Given is a Poisson process $(N_t)_{t \geq 0}$ with intensity $\lambda(t)$. I am interested in finding the distribution of the first arrival time $T$. I can use the fact that for any $t \geq 0$ it holds $T > t$ iff $N_t = 0$. By the definition of the process $N_t \sim Poi(\mu(t))$, where $\mu(t) = \int_0^t \lambda(z) dz$. I get
$$
\mathbb{P}[T > t] = \mathbb{P}[N_t = 0] = \exp(-\int_0^t \lambda(z)dz),
$$
and therefore the distribution is given by $\mathbb{P}[T \leq t] = 1 – \exp(-\int_0^t \lambda(z)dz)$.

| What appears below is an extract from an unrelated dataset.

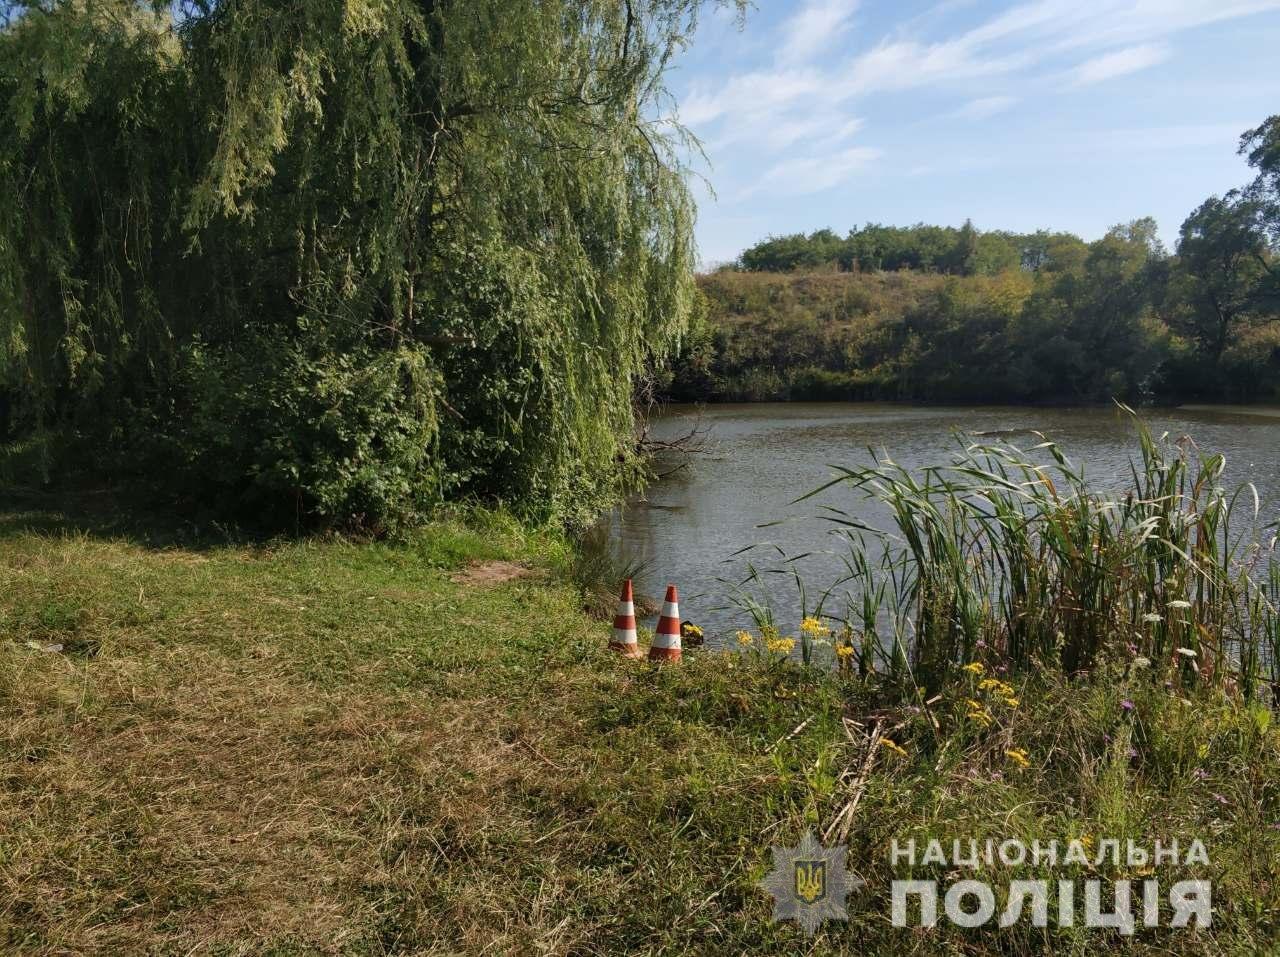 На Харьковщине возле пруда нашли 5 гранат, - ФОТО, фото-1

If I consider the intensity $\lambda(z) = \frac1{1+z^2}$, I can calculate
$$
\lim_{t \to \infty} \mathbb{P}[T \leq t] = 1 – \exp(-\int_0^\infty \lambda(z)dz) = 1 – \exp(-\frac\pi2) \neq 1,
$$
so $\mathbb{P}[T < \infty] < 1$. Have I done something wrong or is it simply possible that $T$ attains infinity with positive probability, so the process never jumps?
Best Answer
A homogeneous Poisson process with intensity $\lambda > 0$ almost surely has a finite first arrival time, since $$\lim_{t \to \infty} \Pr[T \le t] = \lim_{t \to \infty} 1 - e^{-\lambda t} = 1.$$
However, as you have observed, this is not the case for an inhomogeneous process, since the cumulative intensity (aka cumulative hazard) need not be an unbounded function of time. That is to say, if $$\Lambda(t) = \int_{z = 0}^t \lambda(z) \, dz$$ obeys $$\lim_{t \to \infty} \Lambda(t) < \infty,$$ then the first arrival time may not be finite.